Abstract

Silver diamine fluoride (SDF) is commonly used to arrest caries lesions, especially in early childhood caries. Recently, it was suggested that SDF can be combined with potassium iodide (KI) to minimize the discoloration of demineralized dentine associated with SDF application. However, the antibacterial efficacy of SDF alone or combined with KI on in-situ biofilm is unknown.
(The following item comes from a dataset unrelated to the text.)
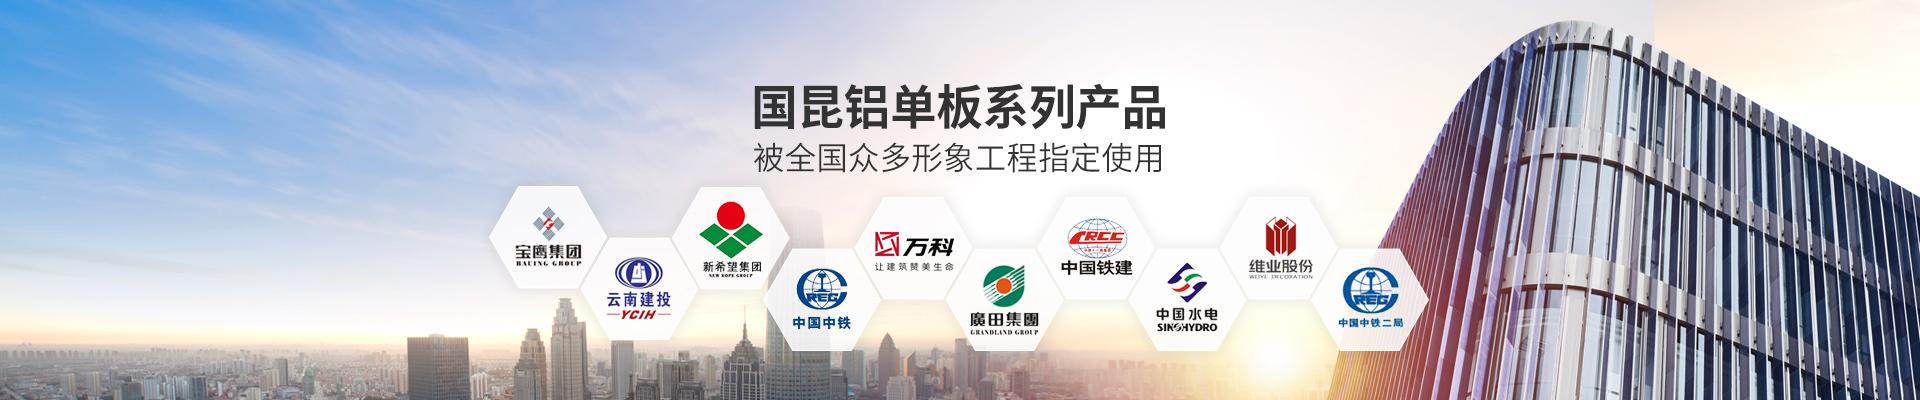 国昆铝单板系列产品,被全国众多形象工程指定使用

Hence, we compared the anti-plaque biofilm efficacy of two different commercially available SDF solutions, with or without KI, using an in-situ biofilm, analysed using viability real-time PCR with propidium monoazide (PMA). Appliance-borne in-situ biofilm samples (n = 90) were grown for a period of 6 h in five healthy subjects who repeated the experiment on three separate occasions, using a validated, novel, intraoral device. The relative anti-biofilm efficacy of two SDF formulations; 38.0% Topamine (SDFT) and 31.3%, Riva Star (SDFR), KI alone, and KI in combination with SDFR (SDFR+KI) was compared. The experiments were performed by applying an optimized volume of the agents onto the biofilm for 1min, mimicking the standard clinical procedure. Afterwards the viability of the residual biofilm bacteria was quantified using viability real-time PCR with PMA, then the percentage of viable from total bacteria was calculated. Both SDF formulations (SDFT and SDFR) exhibited potent antibacterial activities against the in-situ biofilm; however, there was non-significant difference in their efficacy. KI alone did not demonstrate any antibacterial effect, and there was non-significant difference in the antibacterial efficacy of SDF alone compared to SDF with KI, (SDFT v SDFR/KI). Thus, we conclude that the antibacterial efficacy of SDF against plaque biofilms is not modulated by KI supplements. Viability real-time PCR with PMA was successfully used to analyze the viability of naturally grown oral biofilm; thus, the same method can be used to test the antimicrobial effect of other agents on oral biofilms in future research.

Highlights

  • Dental caries, in childhood, is a rampant, global health problem that affects millions [1]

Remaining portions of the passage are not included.